All this gave Danny, the real boy, a chance to explore the world but from an imaginary perspective, and also from a unique and wonderful “multicultural” perspective. I rarely directed what was going to happen in the game. More often than not, I was just as surprised as my son when something happened in the game. It just … happened!

I would follow Danny’s lead, and he would follow mine. It could be in bed at night, in the swimming pool, even in the grocery store. His cousins, about his age, would even call on the phone and ask to speak with Nicker to tell him their problems.

Nicker, and the others, became more than just hands and voices. They became fantasies that were real.

Another true story … I agree to be the photographer at a friend’s wedding. I sat down on a couch to change the film in one camera. A mother dragged her obnoxious and loud little boy and plopped him down next to me for a “time out,” and he didn’t like that one little bit.

I don’t know why I did it. I pushed my arm under a back cushion on the couch and brought up my hand. “Hi, my name is Nicker.”

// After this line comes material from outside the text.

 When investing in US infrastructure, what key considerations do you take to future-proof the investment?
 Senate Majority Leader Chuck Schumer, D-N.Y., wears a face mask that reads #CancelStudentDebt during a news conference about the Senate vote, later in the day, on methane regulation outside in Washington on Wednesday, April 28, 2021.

He wanted nothing to do with that, but for whatever reason, within a few minutes he was telling my hand his life’s story and why he was in trouble. His mother came to get him a little while later, and he went back to the party. Before I left, his mother came to me and asked, “What in the world did you DO? He came back in and was a perfect angel.”

There is a magic in this. At least there can be. All you really have to do is let it happen.

The stories themselves are interactive. When you read them to your child – or have your child read them – or you yourself read them – pose the questions, and answer them. What WOULD the classroom of a sea dragon look like?